You’d think the King of Cumberland would have realised he needed all the help he could get after extending a beaming welcome to a band of rogue Danes who had ‘we’ve come to kill you’ written all over them. They’d come to kill him, of course, and to kidnap Uhtred, who fought them off with the help of his ever-growing Scooby Gang.

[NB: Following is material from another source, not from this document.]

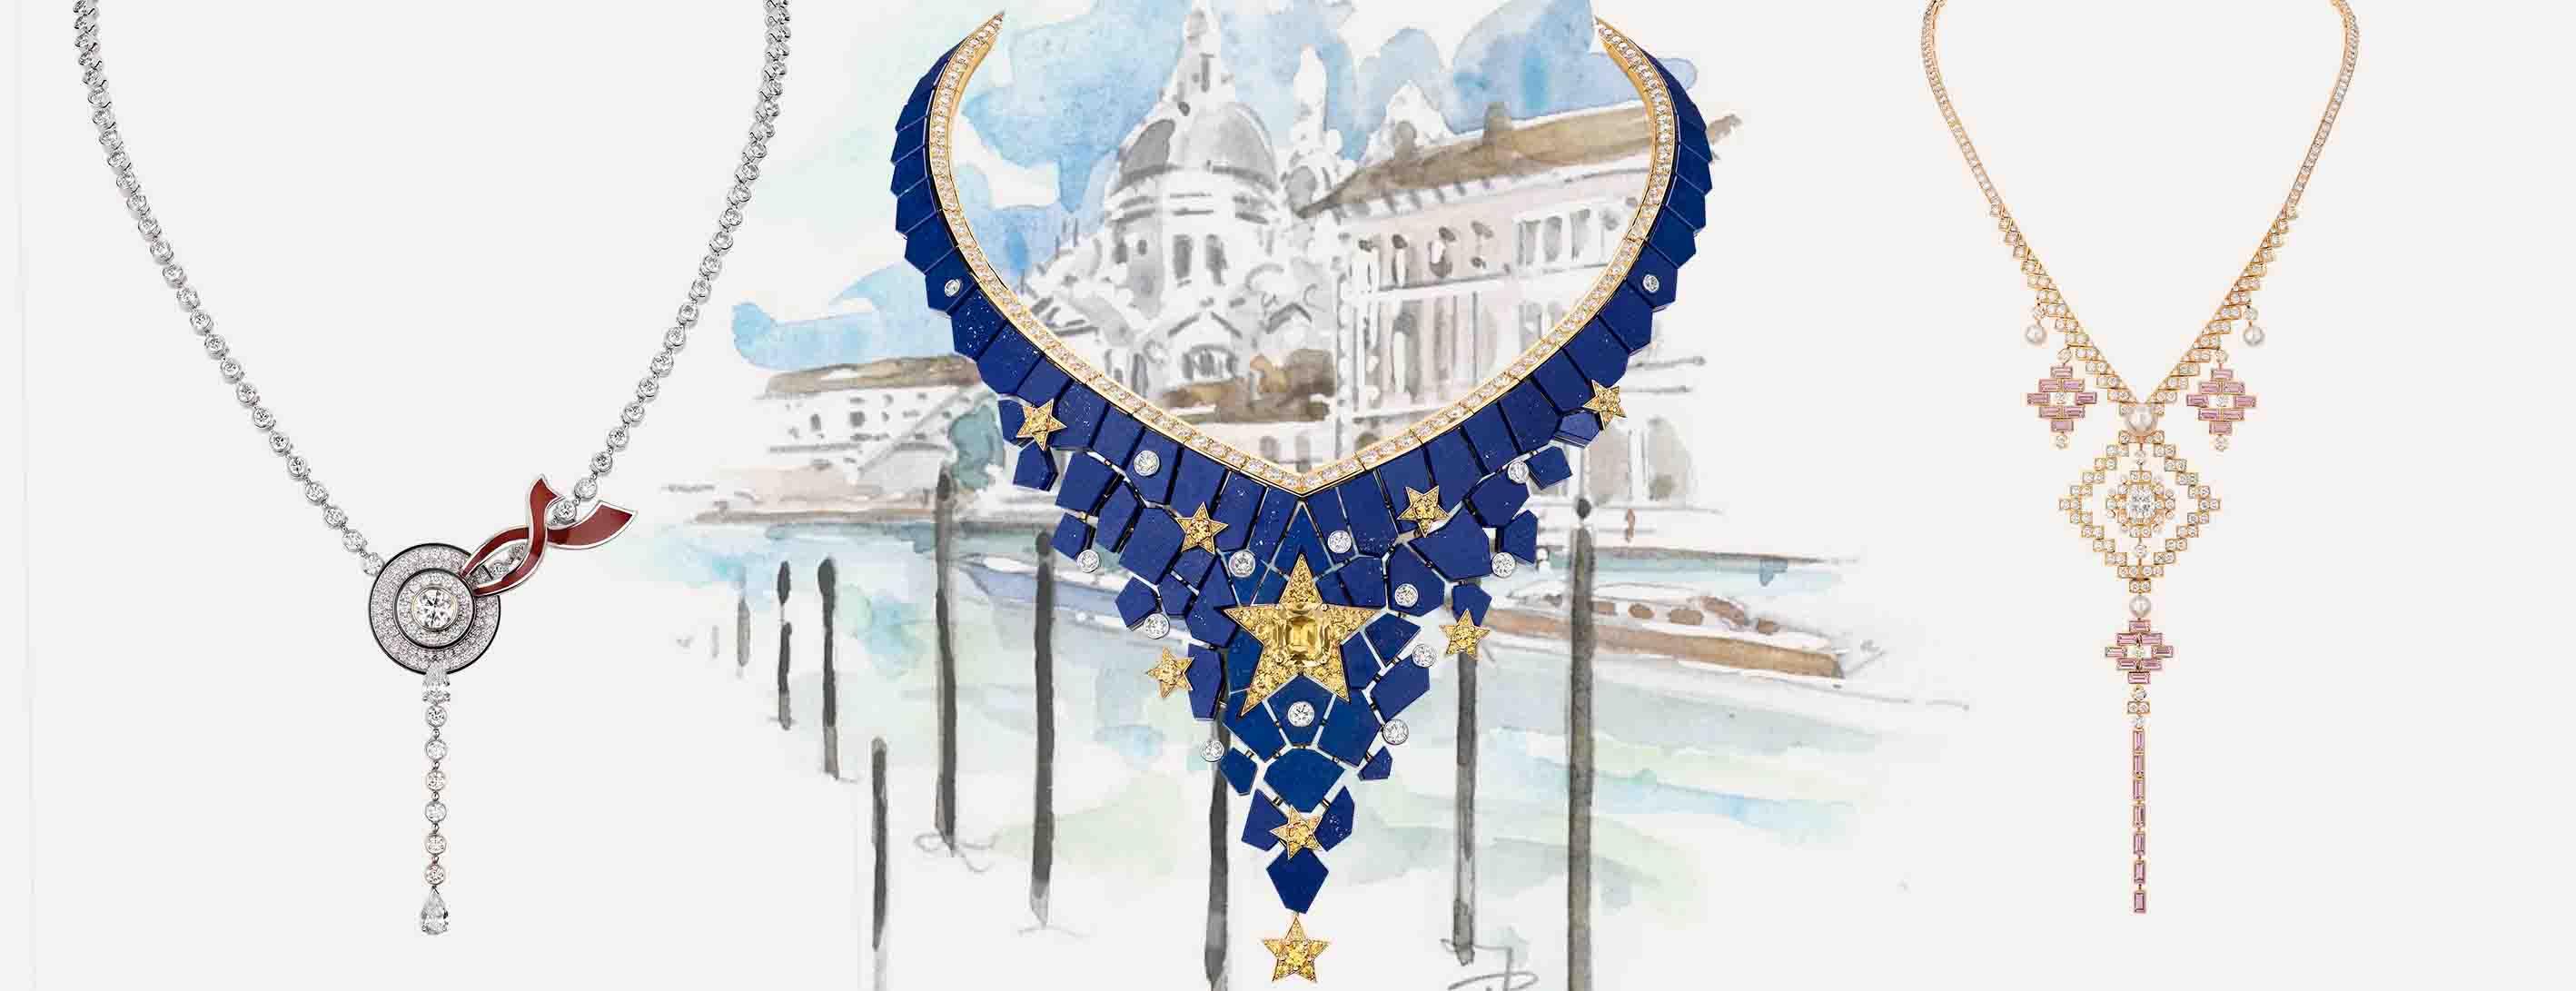 Chanel Escale à Venise high jewellery collection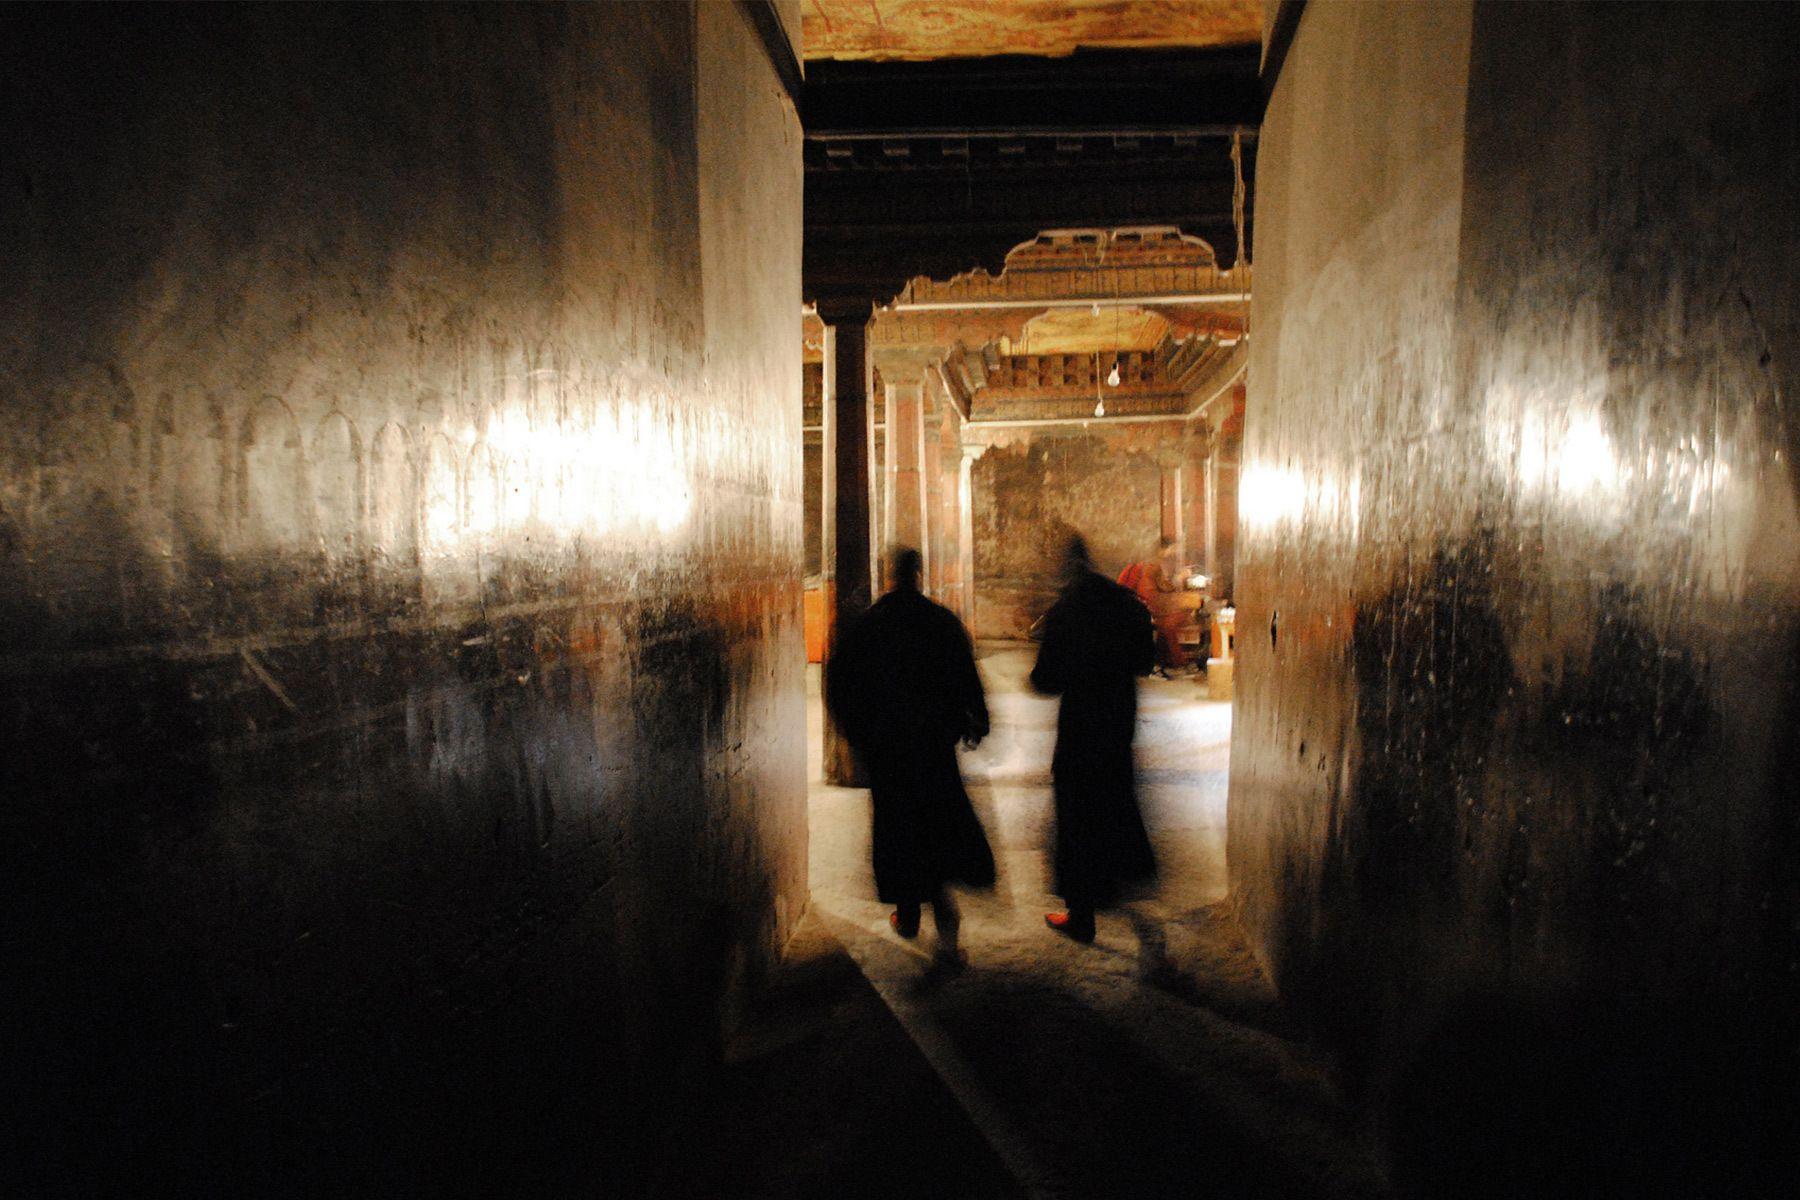 1r10___tibet_temple_templo_monk_buddhist_buddhism_budista_monje.jpg

Said gang was developing nicely before Guthred scattered its members to the four winds. In addition to Halig and Hild, there’s now also Kjartan’s bastard son Sihtric. Like Alfred, Uhtred recognised the power of having someone on board with knowledge of the enemy, so swore to protect Sihtric who’d sworn on Thor’s hammer that he wasn’t loyal to his father. It’s this kind of move that makes Uhtred such a thrilling character to follow. Sihtric could either be an asset or a threat, and in the tension of not knowing is all the fun.

There’s also Clapa, played by former World’s Strongest Man Magnus Samuelsson. An angry bear with Hulk Hogan facial hair who can be spotted in the background of most scenes swinging grown men around by their ankles, Clapa’s my new favourite.

Ack, they’re all my favourites, and so is Lady Gisela who embodies the frustration of being a clever woman in an age when her gender was treated as chattel. Like Aethelflaed down in Winchester, Gisela faces being married off as part of her family’s political bargain, but it’s a fate she’s determined to escape. “My sister shall do her duty” said Guthred. “I will not be his gift” said Gisela. I know who my money’s on.

Gisela gave herself a gift this week by letting Uhtred sleep over in her bell tent. “I will leave if you wish”, he said, emerging from his hiding place. “I do not wish” she told him and proceeded to writhe around on the furs getting sweaty with the Lord of the North. After the act, Uhtred tried to make an honest woman of Gisela by asking her brother for her hand, but we all saw where that got him.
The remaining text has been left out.